John Kiely: It’s all about progress for Limerick

For some managers there’s a sense of rationalising what’s happened with the league, or what hasn’t happened.

John Kiely: It’s all about progress for Limerick

Allianz HL Division 1 quarter-finals


Tomorrow: Páirc Uí Rinn, 4pm

Referee: Fergal Horgan (Tipperary)

John Kiely’s candour doesn’t allow for that. The Limerick boss is the one who mentions his team’s continued residence in Division 1B of the ruling league first in the conversation.

“In an overall sense our goal was to be promoted, if we could manage that at all. Once we lost to Wexford and they then went to Galway and won, that was the end of that ambition really.

“We had put ourselves in a very good position against Wexford when we met them but we just failed to push on in that last quarter against them — and to be fair to them, they did very well in that last quarter. They’re worthy Division 1B champions, they’ve won all their games and won them quite well, you can’t argue with that — hats off to them.

“It’s up to us now to push on and to get what we can out of the rest of the league.”

Kiely subscribes to the lemonade-from-lemons outlook when it comes to the second tier in as far as possible: “There’s two sides to the coin. In the games in 1B you definitely have that bit more latitude to try out new players, or younger players. We did that this season to an almost exaggerated level, I suppose, we’ve used 33 players and I don’t know if any other county has used as many, in either 1A or 1B.

“A lot of the teams in 1B are trying very hard — Offaly are making progress under Kevin Ryan, certainly, and Kerry are also making progress, but there’s still a gap there. I think that gap will close in the next couple of years, I don’t doubt that.

“The other side of 1B that is we saw, when we played Galway last weekend, while we had a very good first half — an exceptional performance — we were playing a Galway side that’s been in the mix for All-Ireland titles over the last four years, and they had a full team, with the exception of Daithi Burke, maybe.

“To be within a goal of them at this stage in our development as a team — that was a credible performance overall, even though we were disappointed with our second-half display.

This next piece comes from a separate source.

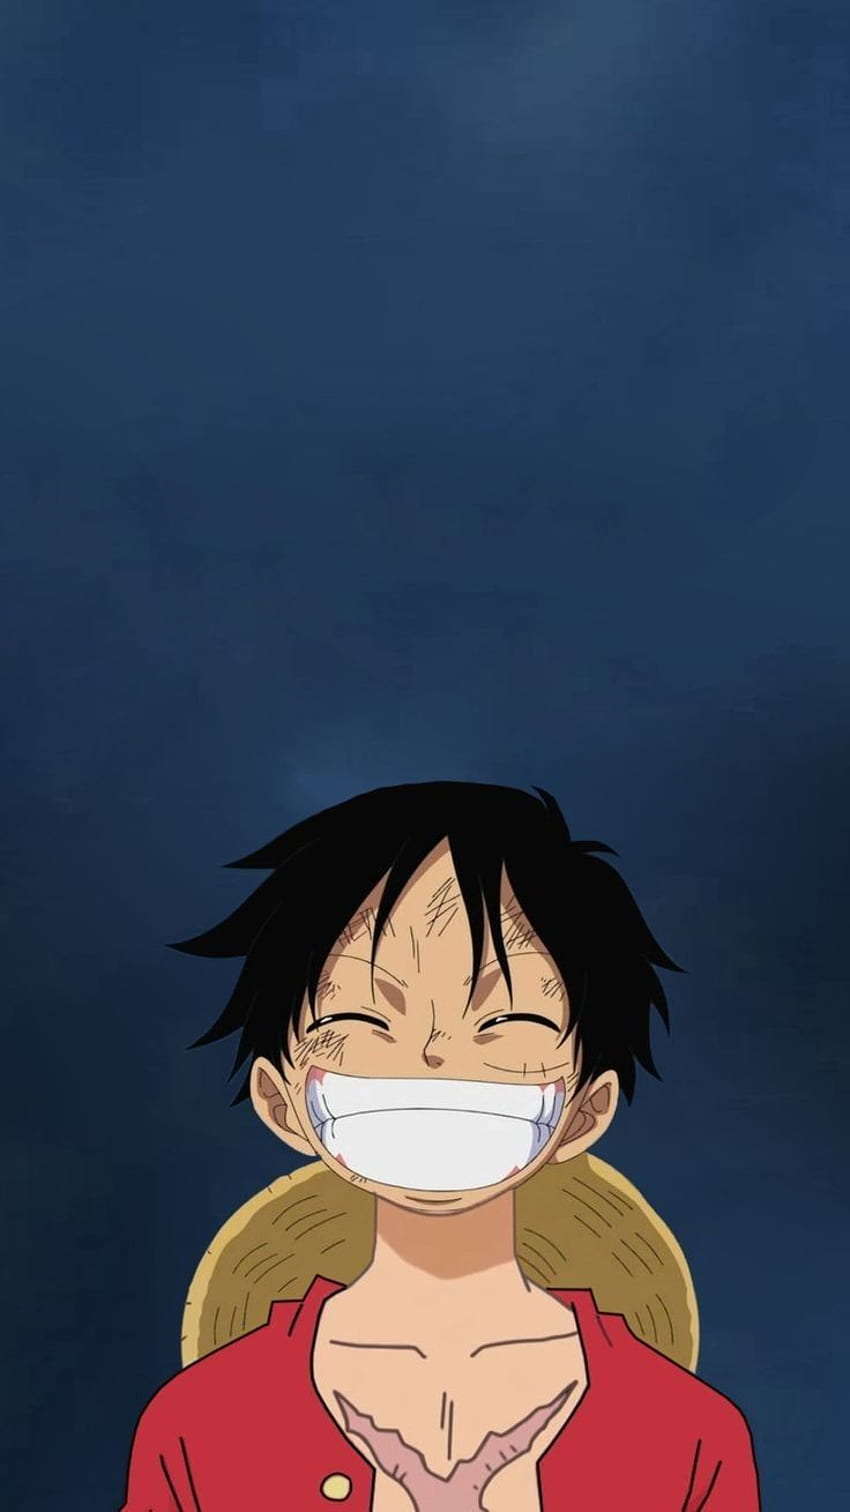 Nụ cười là vũ khí tuyệt đại giúp con người luôn vươn lên và nỗ lực. Luffy, nhân vật chính của One Piece, luôn biết cách tươi cười để cảm hứng và tích cực. Bạn muốn tìm kiếm một hình nền One Piece cùng nụ cười tươi tắn của Luffy để truyền tải thông điệp tích cực? Hãy đến với chúng tôi, chắc chắn bạn sẽ không thất vọng!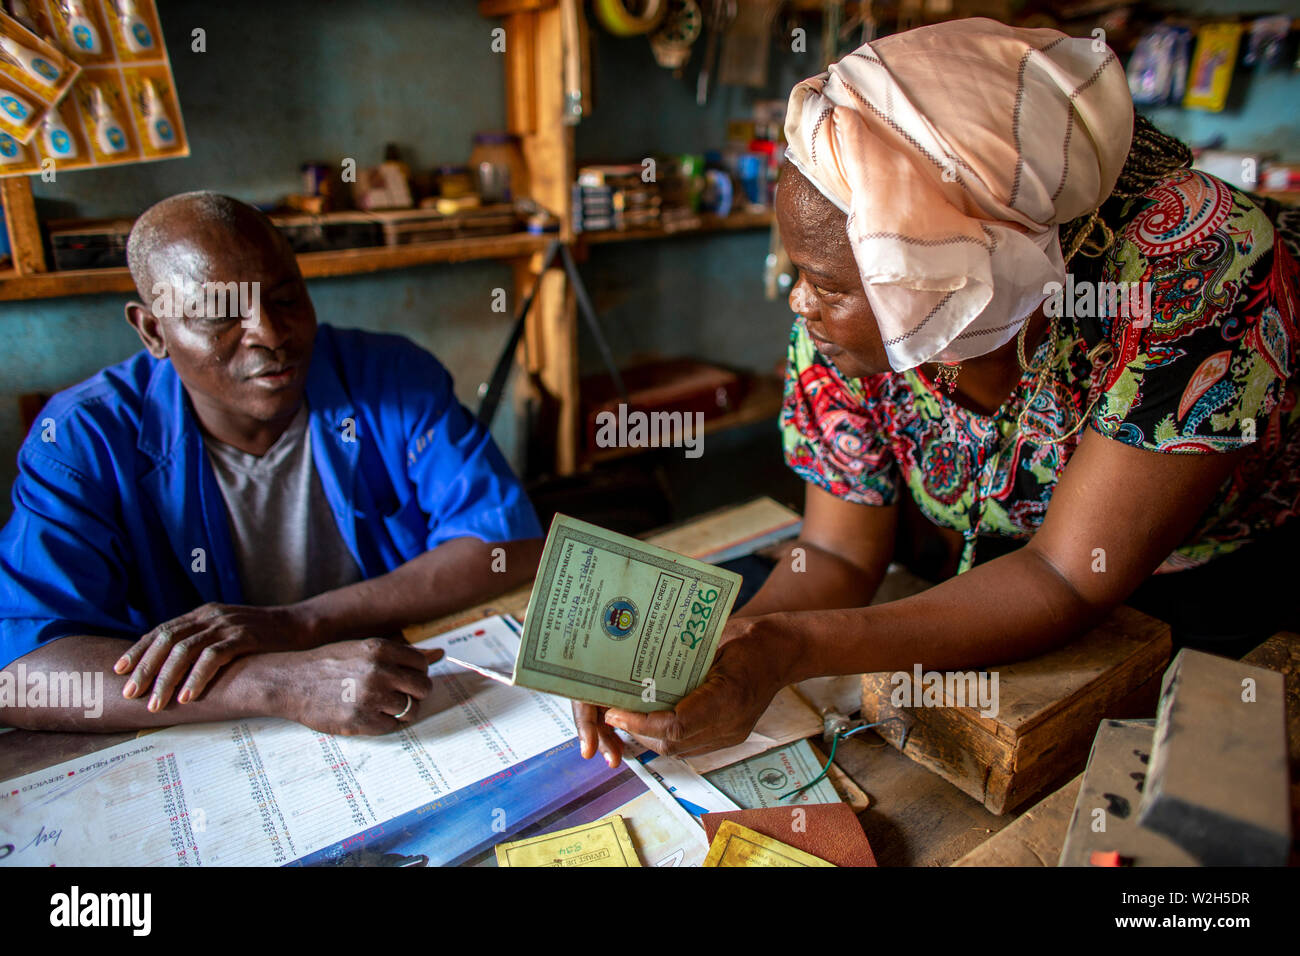 Microfinance Client in seinem Shop mit einer Mikrofinanzinstitution Mitarbeiter in Togo. Stockfoto

“We felt we were in a strong position at half-time, and we would have expected ourselves to do better in the second half — a bit like Kieran Kingston and the consistency he’s looking for with Cork, that’s something we’ve been looking for as well. When you don’t get that, then it’s a bigger challenge when you face the stronger teams in the league.”

He’s the one who mentioned Cork, their opponents tomorrow.

“You’d keep an eye on what’s going on in 1A,” says Kiely, “And you’d have to be impressed by how Cork have gone, three wins and six points on the board. They’ve had a couple of slip-ups here and there, but they have a young side and they’ve made huge progress this year.

“Their mobility around the pitch is extraordinary, their skill levels are very good, their movement is good, they’re racking up big scores. We’re under no illusions about the size of the task this weekend.”

Cork have had 19 and 20-year-olds playing the likes of Kilkenny and Tipperary this spring — sure that’ll accelerate their development?

“Absolutely — those young lads have gotten a real baptism of fire in the league this year and you have to say they stood up to it very well.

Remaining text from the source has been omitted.